- Nandipur Location in Pakistan
- Coordinates: 32°15′20″N 74°15′55″E﻿ / ﻿32.2556°N 74.2653°E
- Country: Pakistan
- Province: Punjab
- District: Gujranwala
- Elevation: 230 m (750 ft)
- Time zone: UTC+5 (PKT)

= Nandipur =

Nandipur is a town located in the Gujranwala District of the Punjab province in Pakistan. It is situated approximately 10 kilometers from the city of Gujranwala and is recognized for its industrial significance, particularly in the energy sector.

== Geography ==
Nandipur lies at an elevation of approximately 230 meters (755 feet) above sea level. The town is positioned at coordinates 32.2556°N latitude and 74.2653°E longitude. It is surrounded by several nearby settlements, including Nizampur and Gagewali.

== Infrastructure ==
The town is notable for housing major energy projects:

- Nandipur Power Project: A combined cycle thermal power plant with a capacity of 425 megawatts (MW), expandable up to 525 MW. Constructed by the China Dongfang Electric Corporation, the project was completed in March 2015.

- Nandipur Hydropower Plant: Located on the Upper Chenab Canal, this facility contributes to the region's renewable energy supply.

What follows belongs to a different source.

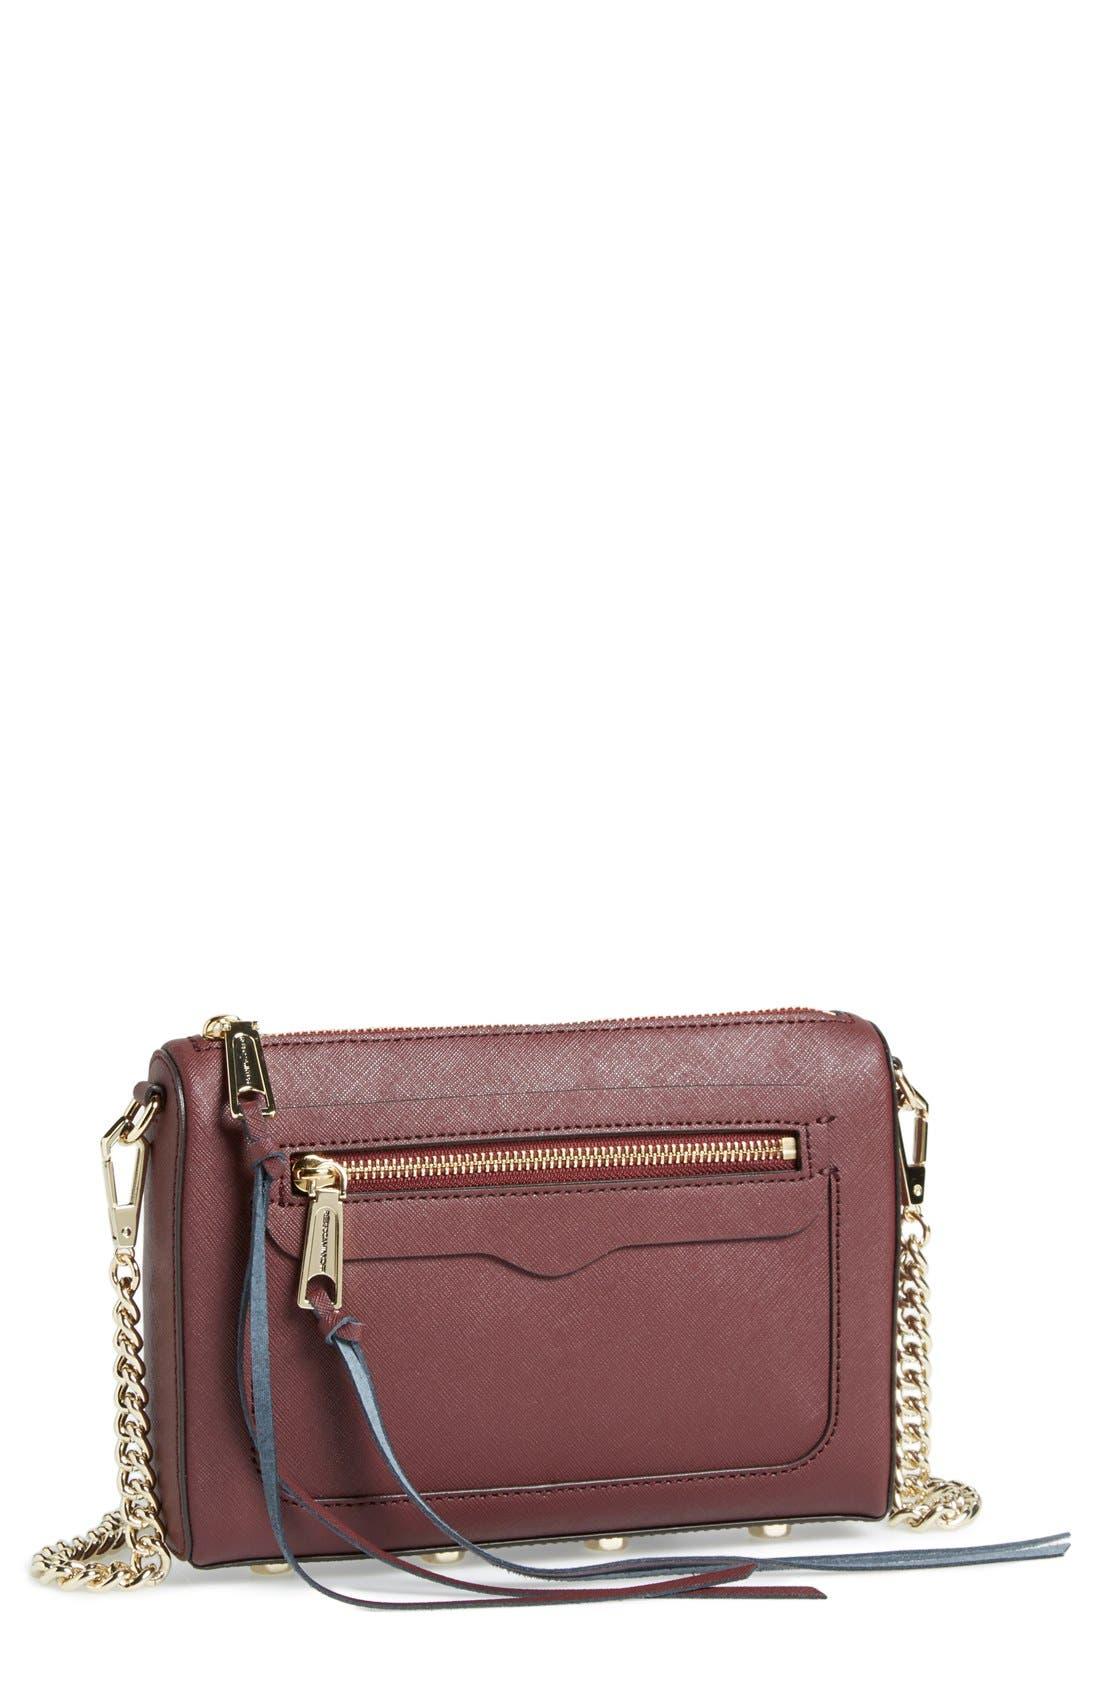 Alternate Image 1 Selected - Rebecca Minkoff 'Avery' Convertible Crossbody Bag

Additionally, the area hosts the Hydraulic Research Center, which spans 100 acres and focuses on hydrology and related studies.

== Cricket Pitch Soil ==
Nandipur is nationally and internationally recognized for its unique clay soil, which is extensively used in the construction of cricket pitches across Pakistan and abroad. The soil, often referred to as "black soil," has a high clay content (up to 60%), making it ideal for creating fast, bouncy, and durable wickets.

This clay has been used in major Pakistani stadiums including:
- National Stadium, Karachi
- Gaddafi Stadium, Lahore
- Rawalpindi Cricket Stadium

It has also been exported to:
- Sharjah Cricket Stadium
- Dubai Cricket Stadium
- Sheikh Zayed Cricket Stadium, Abu Dhabi

A notable example of its use was during the 2004 India vs Pakistan Test match at Rawalpindi, where the pitch was built using Nandipur clay.